Als die Tora die Israeliten anwies, am ersten Tag des siebten Monats Jom Teruah zu feiern, erwartete sie natürlich nicht, dass sie in den Krieg ziehen würden. Stattdessen wurde ihnen befohlen, an diesem Tag eine Atmosphäre zu schaffen, die die Spannung und den Schrecken einer Schlacht simulieren sollte, ein Gefühl der bevorstehenden Krise und des drohenden Unheils. Mit Schrecken erkannten sie, dass die Menge des Regens, der fallen würde, und damit das Schicksal des kommenden Jahres in der Schwebe hing. Aber sie wurden auch aufgefordert, Zichron Teruah, sich daran zu erinnern, dass Gott und nicht die Natur ihr Schicksal bestimmt. Wenn Gott sich nicht an sie erinnerte und die Kräfte der Natur nicht zu ihren Gunsten lenkte, könnten die kommenden Wochen und Monate zur Katastrophe werden.

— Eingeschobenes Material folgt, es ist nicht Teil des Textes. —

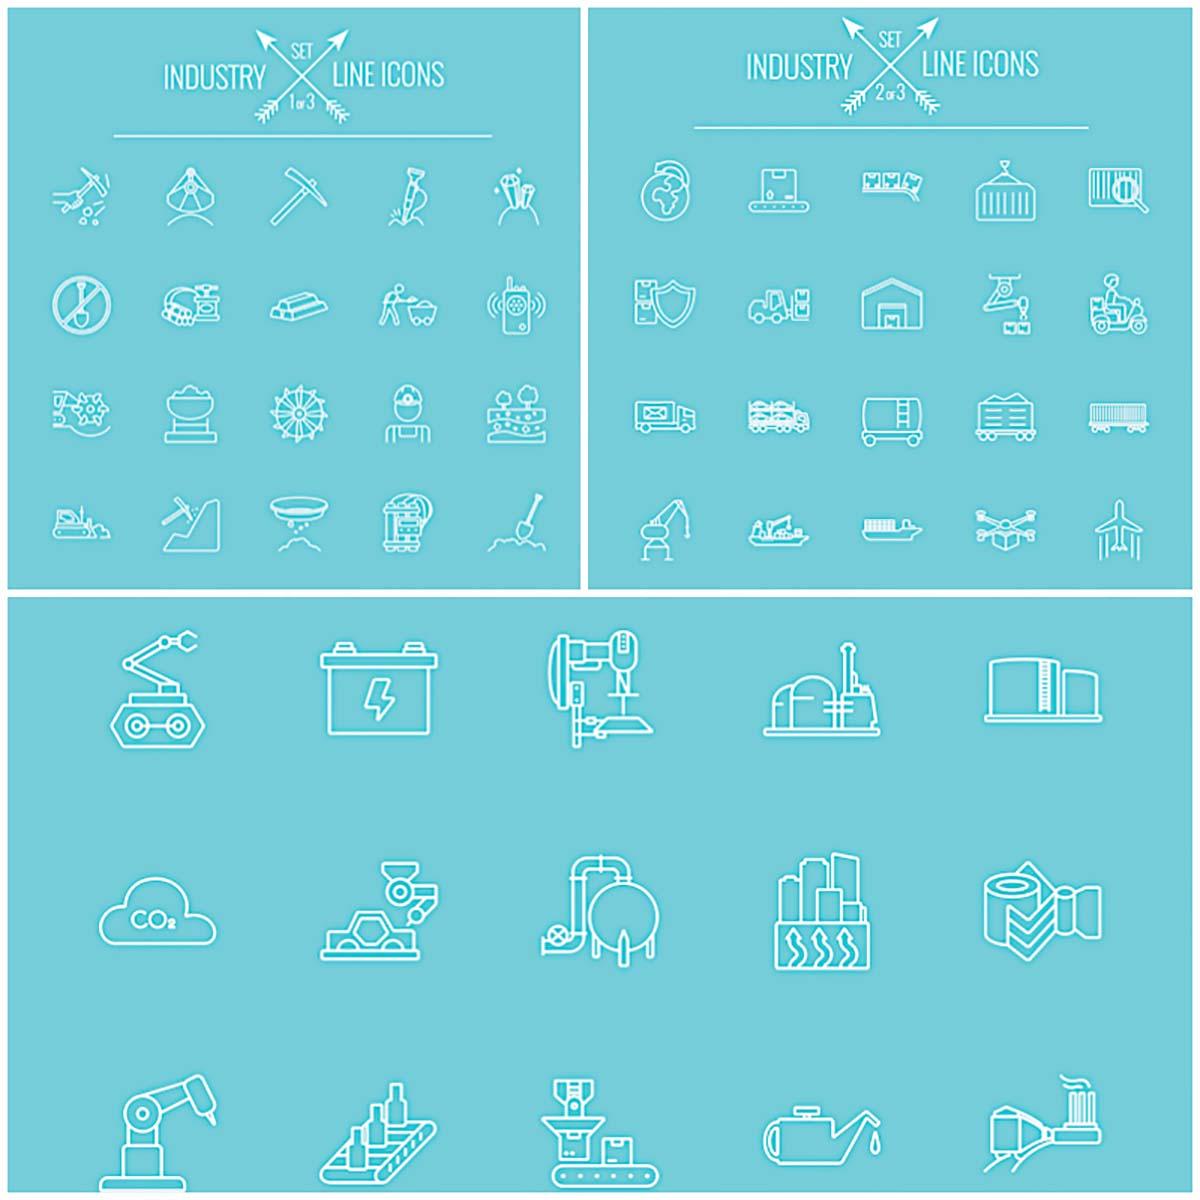 Industry line icon set of vectors

Wir sollten nicht nur in Ehrfurcht davor stehen, dass an diesem Tag über unser Leben Gericht gehalten wird. Wir müssen auch die Teruah anstimmen, damit Gott sich an uns erinnert, so wie wir uns an Gott erinnern müssen, indem wir unsere absolute Abhängigkeit von der göttlichen Macht anerkennen. Deshalb verkünden wir an diesem Tag die Herrschaft Gottes über die ganze Menschheit in Anerkennung der göttlichen Herrschaft über die Natur und über unser Schicksal.

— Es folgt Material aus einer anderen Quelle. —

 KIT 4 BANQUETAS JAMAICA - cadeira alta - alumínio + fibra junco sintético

Das Thema des Gebets, dass Gott uns in das Buch des Lebens einträgt, zieht sich wie ein roter Faden durch die Rosch Haschana Liturgie. Die anderen Hauptmotive von Rosch Haschana – Malchujot (das Königtum Gottes), Zichronot (die Erinnerung Gottes an uns zum Guten) und Schofarot (das Blasen des Widderhorns) – werden in der Musaf-Amidah zum Ausdruck gebracht.

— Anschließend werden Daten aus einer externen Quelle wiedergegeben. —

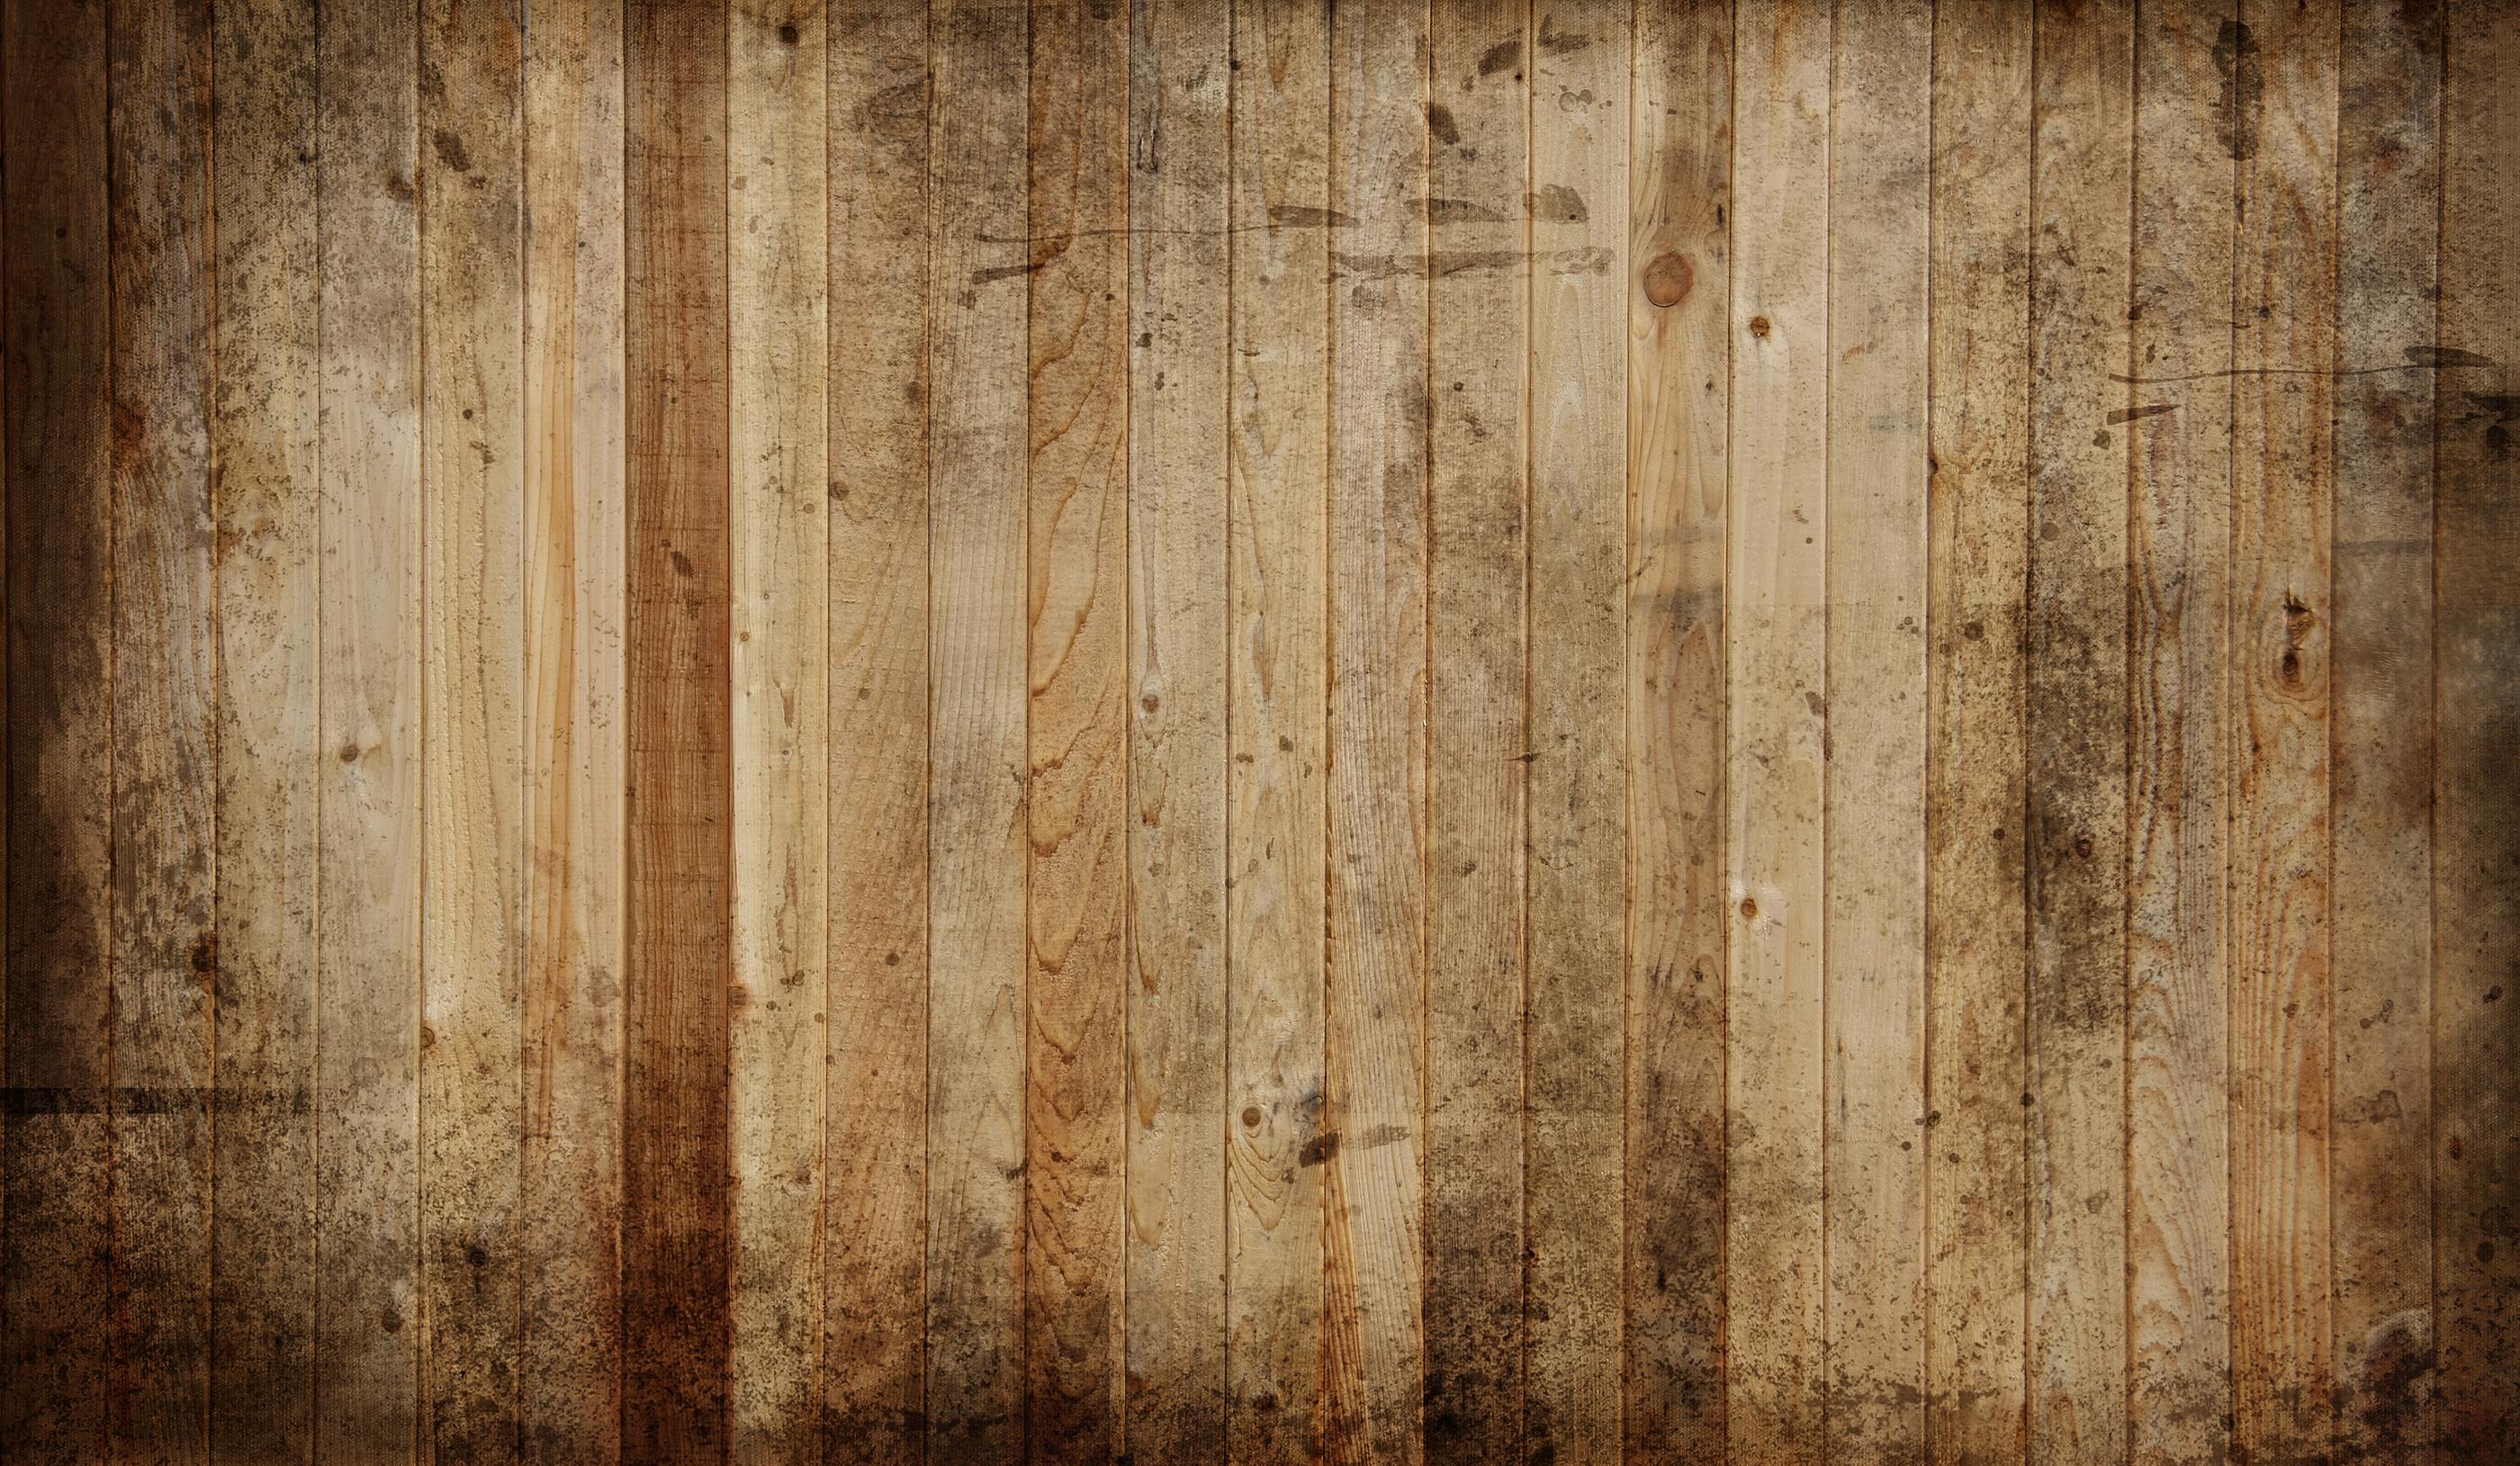 bigstock-Weathered-cedar-background-pan-15283265

Die Toralesungen für Rosch Haschana umfassen am ersten Tag die Geburt Isaaks (Gen. 21) und die Akedah, die Bindung Isaaks, am zweiten Tag (Gen. 22). Die Haftarot beschreiben die Geburt Samuels (1 Sam 1:1-2,10) und die Vision Jeremias von der Befreiung des Volkes Israel aus dem Exil (Jer. 31:2-20). Durch die Betonung der Geburt nach langer Unfruchtbarkeit (Sarah, Hanna), der Befreiung Israels aus dem Exil und der Rettung Isaaks vor der drohenden Opferung geben diese Lesungen diesen schicksalhaften Tagen eine positive Note. Die Betonung der Geburt von Kindern entspricht der Tatsache, dass Rosch Haschana der Geburtstag der Welt ist. Die Bereitschaft Abrahams, seinen geliebten Sohn zu opfern, ist Ausdruck seines uneingeschränkten Vertrauens in den göttlichen Willen, und wir beten, dass Gott den Verdienst unserer Vorfahren bei seiner Entscheidung berücksichtigt, uns für das kommende Jahr in das Buch des Lebens einzutragen.

 

Kein Loblied an Rosch Haschana

Das Hallel wird an Rosch Haschana nicht rezitiert. Nach einem Midrasch fragten die Engel Gott, warum das jüdische Volk an Rosch Haschana nicht diese Loblieder singe, die zum üblichen Festgottesdienst gehören. Gott antwortete: „Ist es möglich, dass der König auf dem Thron des Gerichts sitzt, die Bücher des Lebens und des Todes offen vor ihm liegen und Israel Loblieder singt?“

Rosch Haschana fällt nie auf einen Mittwoch, Freitag oder Sonntag. Würde es auf einen Mittwoch fallen, wäre Jom Kippur ein Freitag und die Juden könnten sich nicht auf den Schabbat vorbereiten. Fiele er auf einen Freitag, wäre Jom Kippur ein Sonntag, und Juden, die den Schabbat halten, könnten sich nicht auf Jom Kippur vorbereiten. Wenn Rosch Haschana auf einen Sonntag fiele, würde Hoschana Rabba (der letzte Tag von Sukkot, 21. Tischri) auf einen Schabbat fallen. Dies würde die Durchführung des wichtigsten Rituals an diesem Tag, das Schlagen der Weidenruten während des Synagogengottesdienstes, ausschließen, das am Schabbat verboten ist.